**TASK OBJECTIVE**
What is needed is an exact reproduction of the lines from the one that contains "Eine orange Zelt" through the end of the data, both included and nothing else, with pictures omitted.

**DATASET SECTION**
____

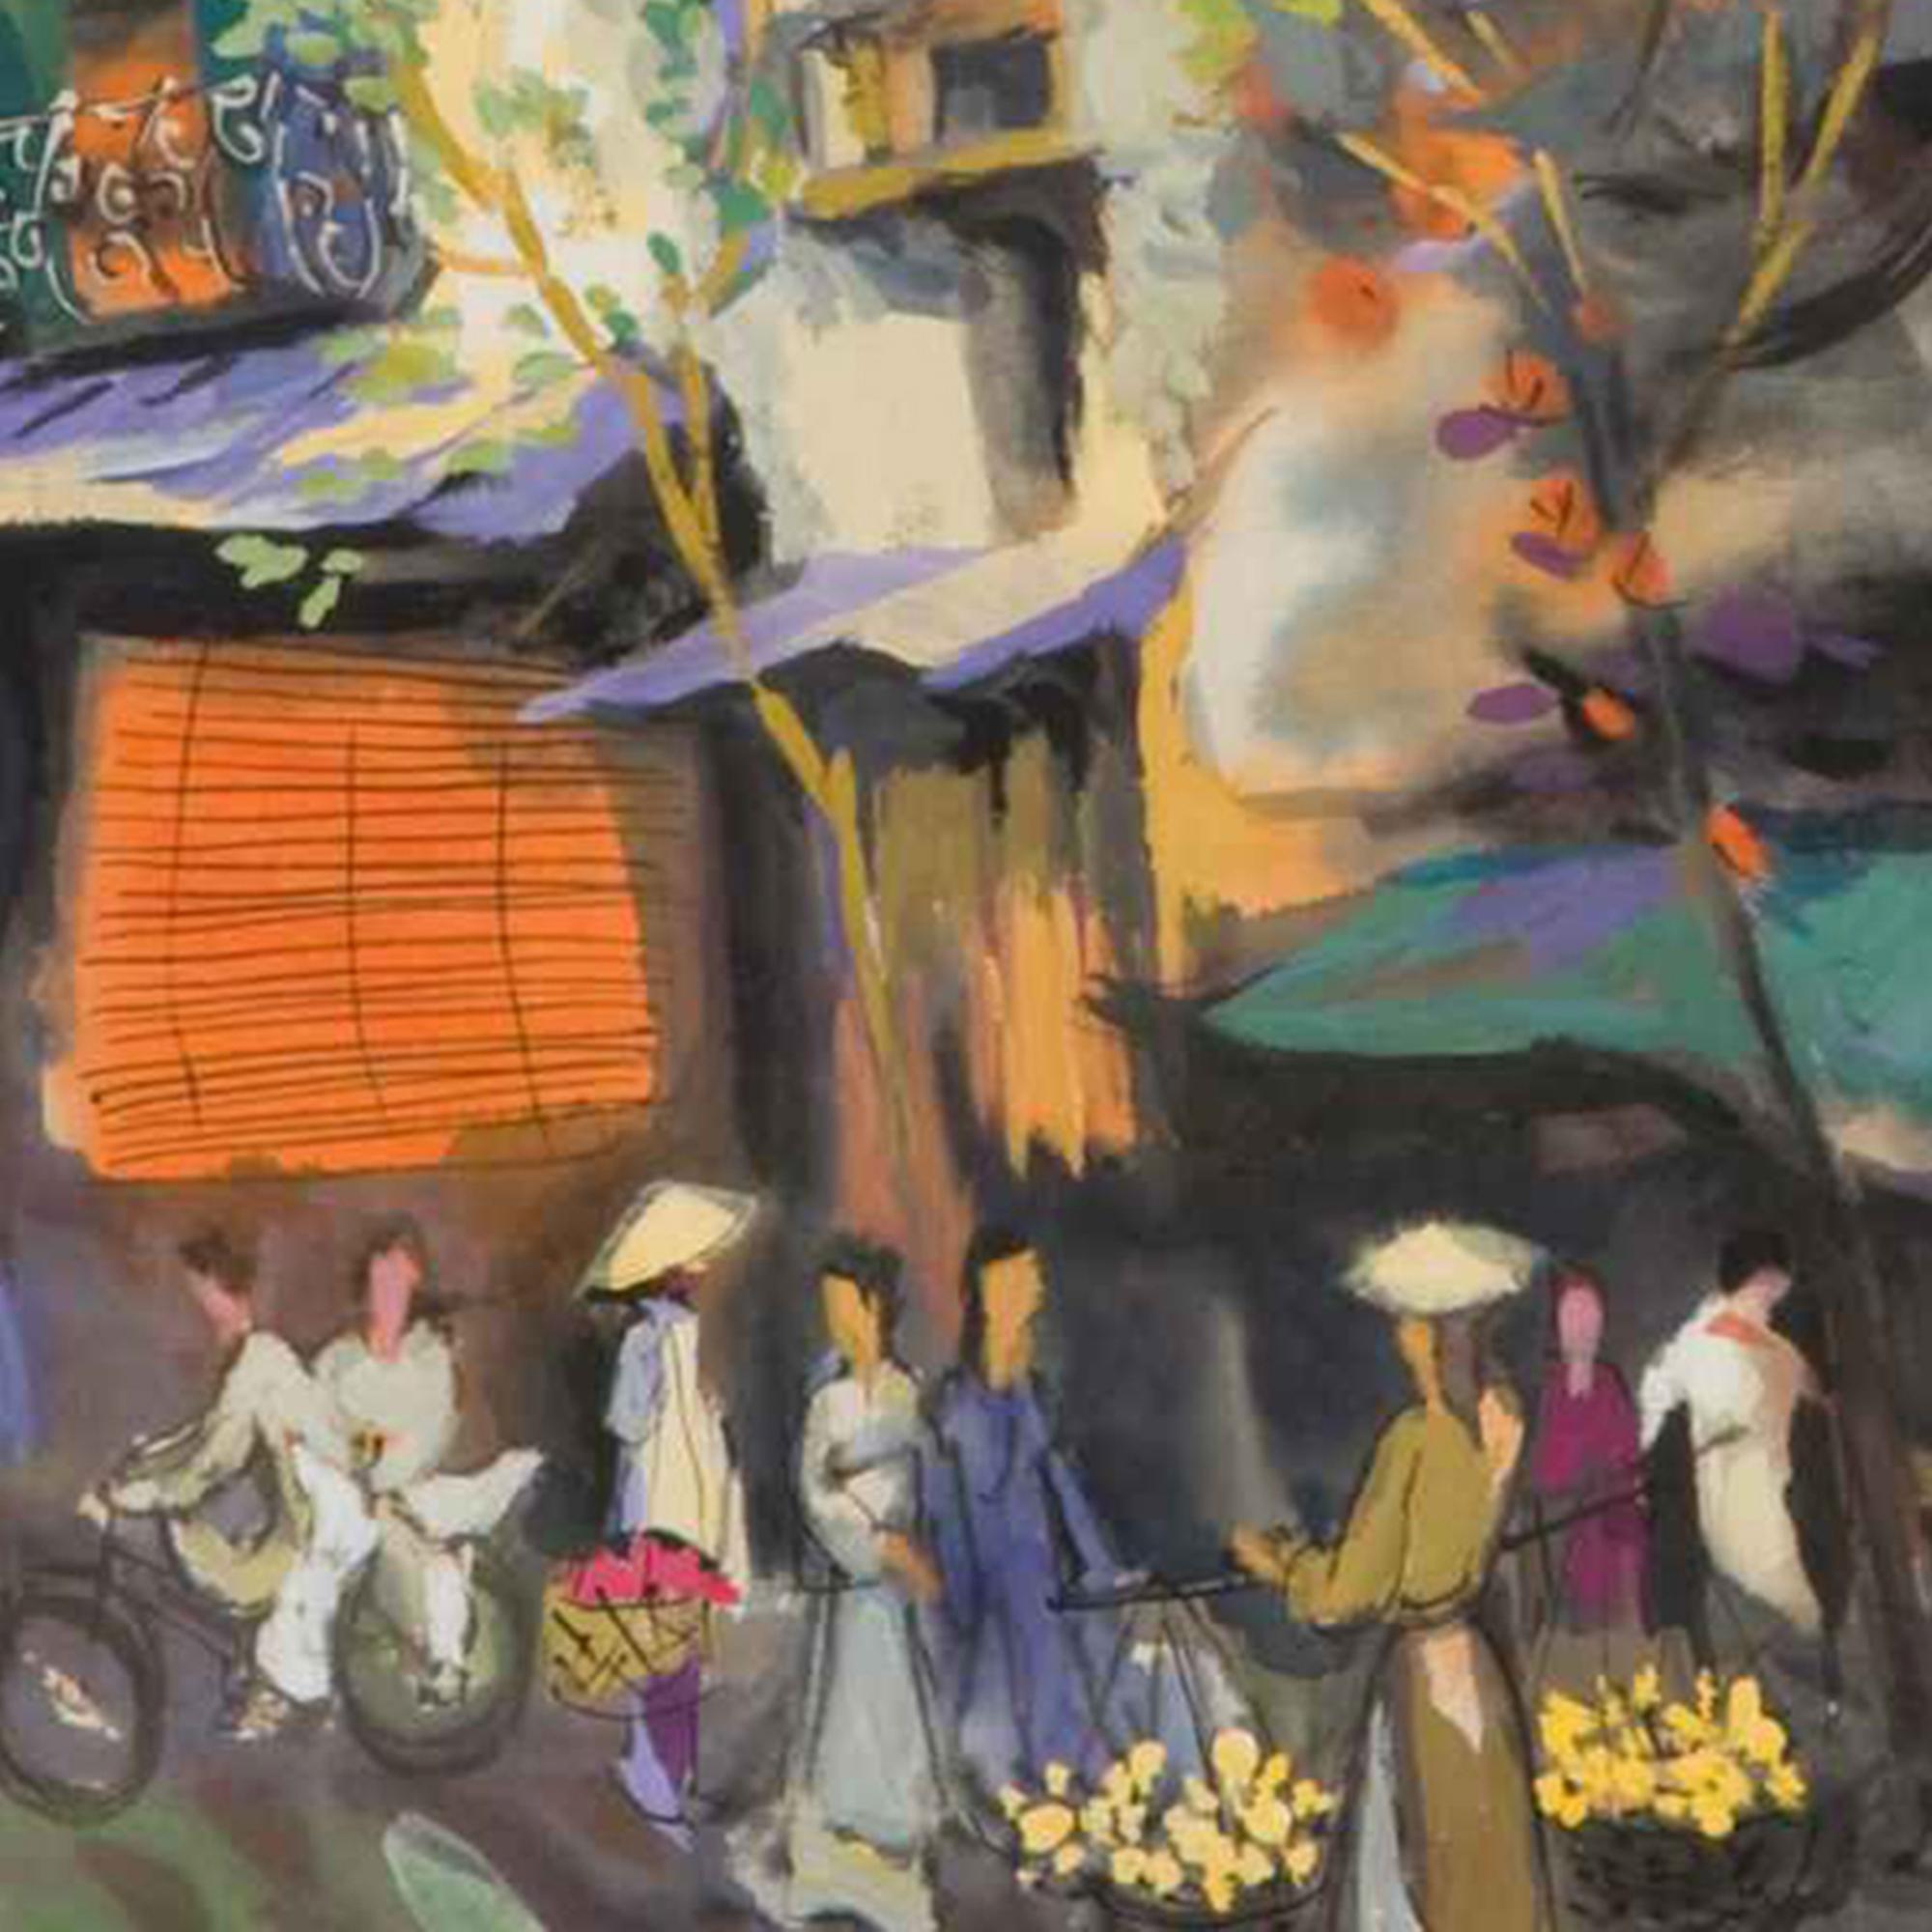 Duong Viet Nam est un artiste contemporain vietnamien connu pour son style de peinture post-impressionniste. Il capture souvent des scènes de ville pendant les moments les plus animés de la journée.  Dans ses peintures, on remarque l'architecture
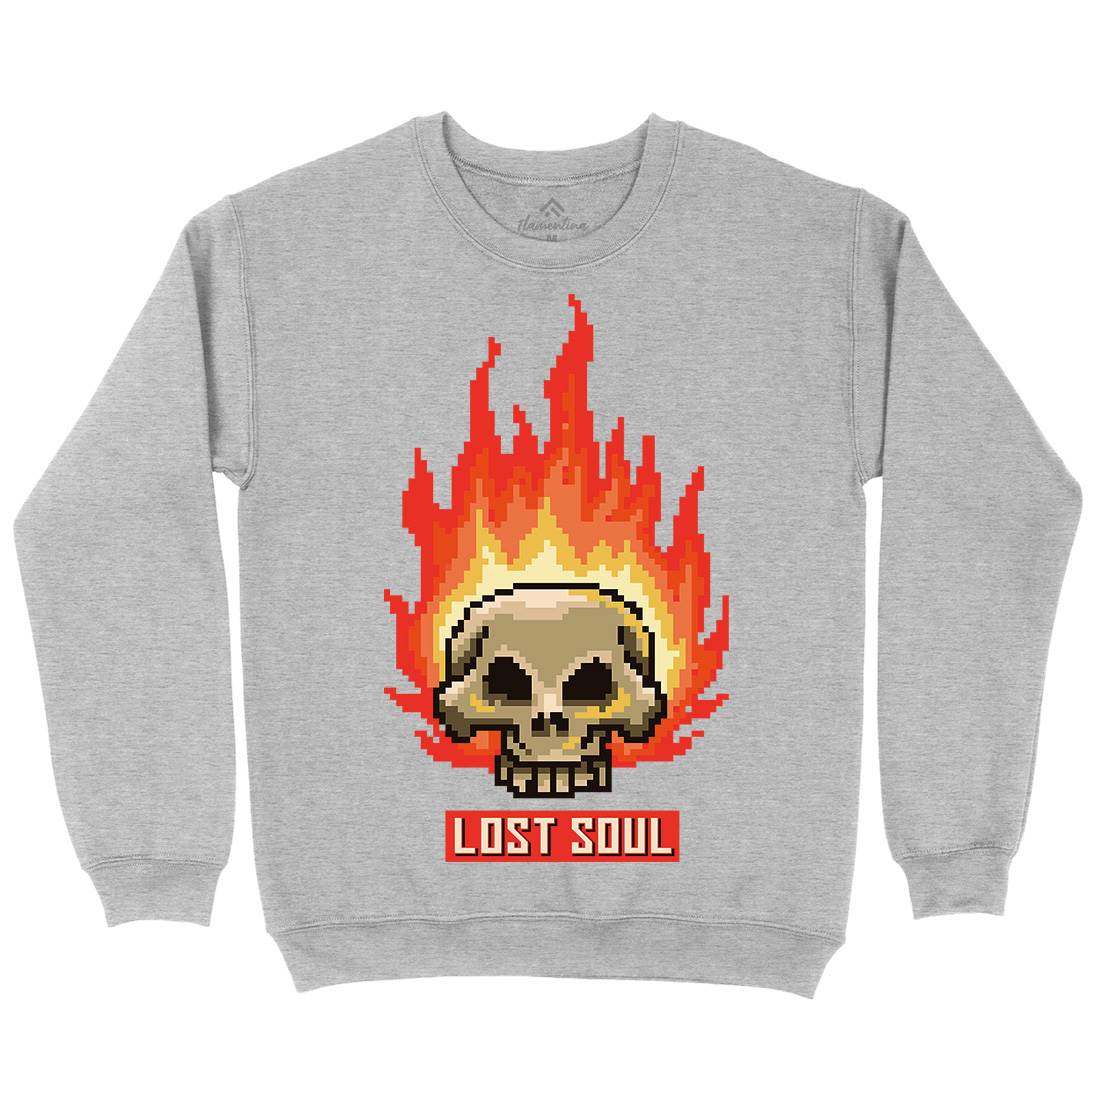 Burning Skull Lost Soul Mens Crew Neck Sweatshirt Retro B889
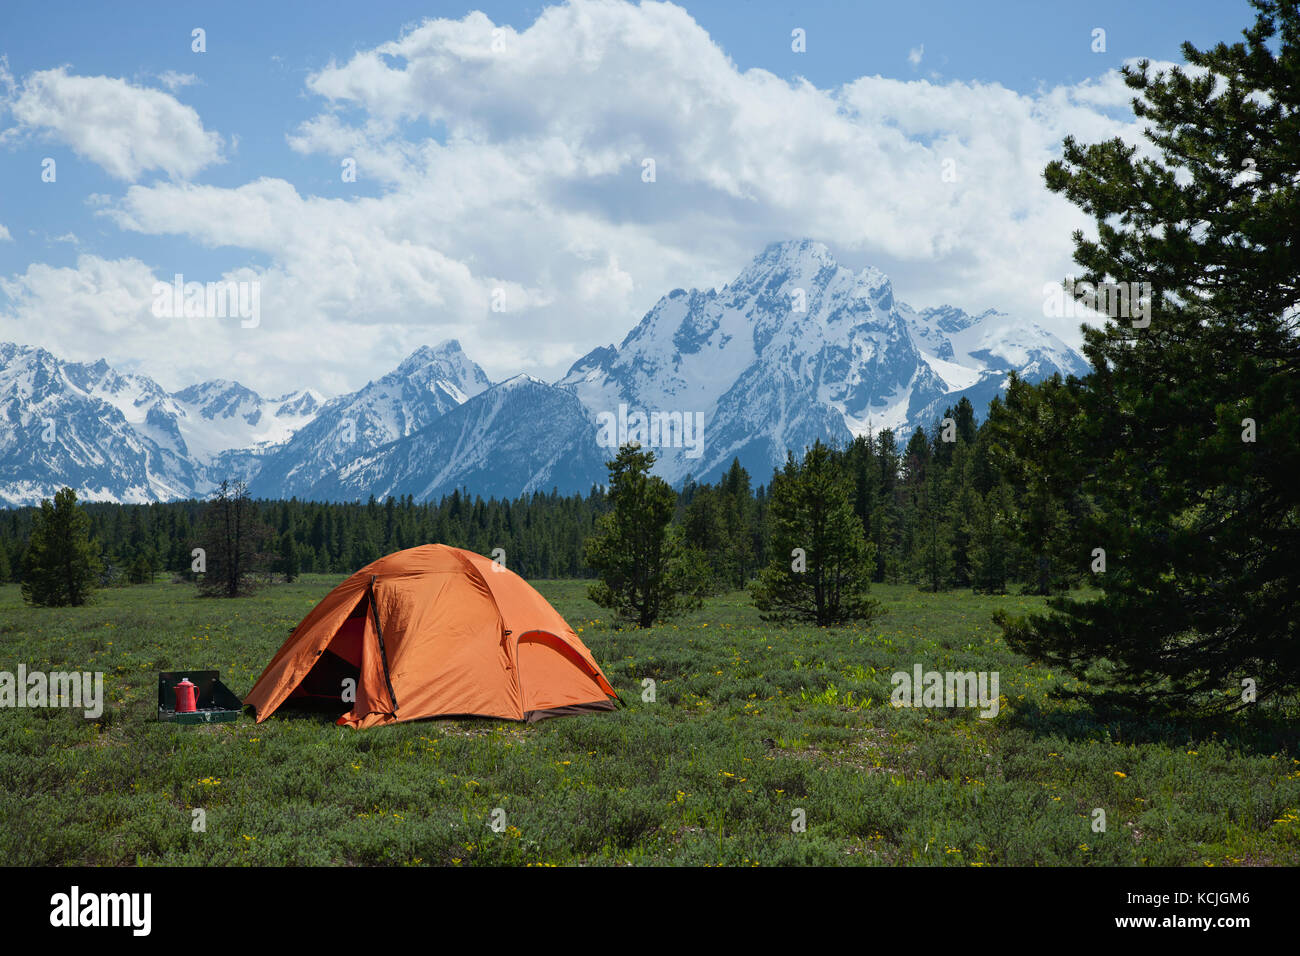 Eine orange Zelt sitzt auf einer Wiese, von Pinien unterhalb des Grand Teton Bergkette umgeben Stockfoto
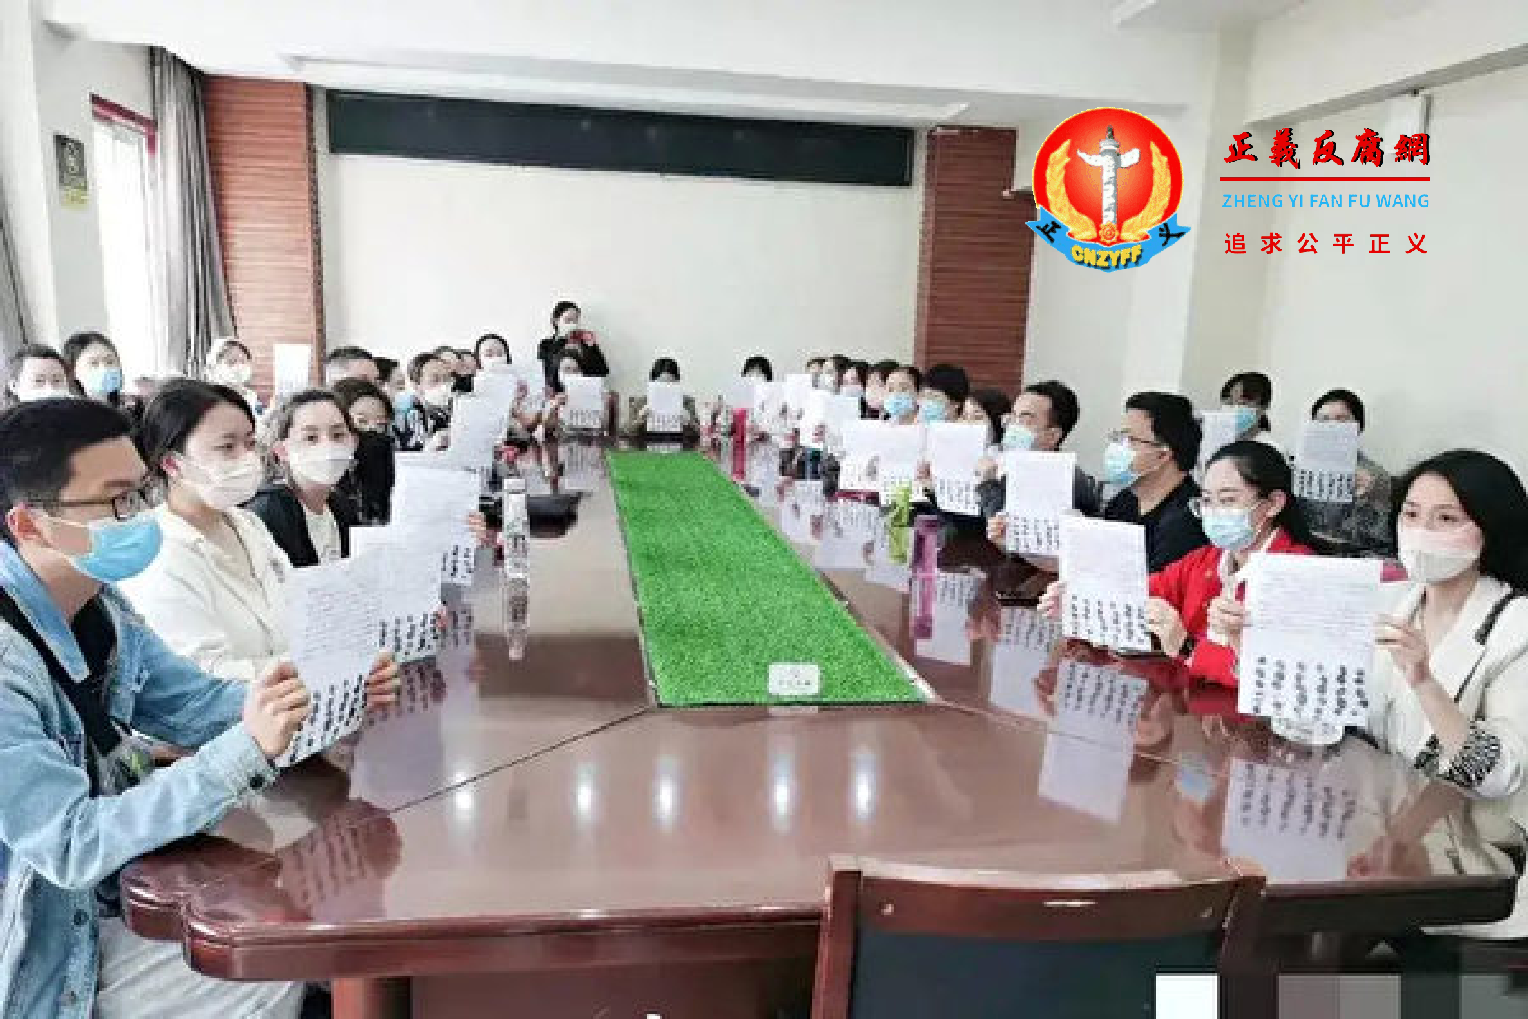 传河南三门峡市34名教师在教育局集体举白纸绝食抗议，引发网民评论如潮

____

**WRITTEN RESPONSE**
 Eine orange Zelt sitzt auf einer Wiese, von Pinien unterhalb des Grand Teton Bergkette umgeben Stockfoto
 传河南三门峡市34名教师在教育局集体举白纸绝食抗议，引发网民评论如潮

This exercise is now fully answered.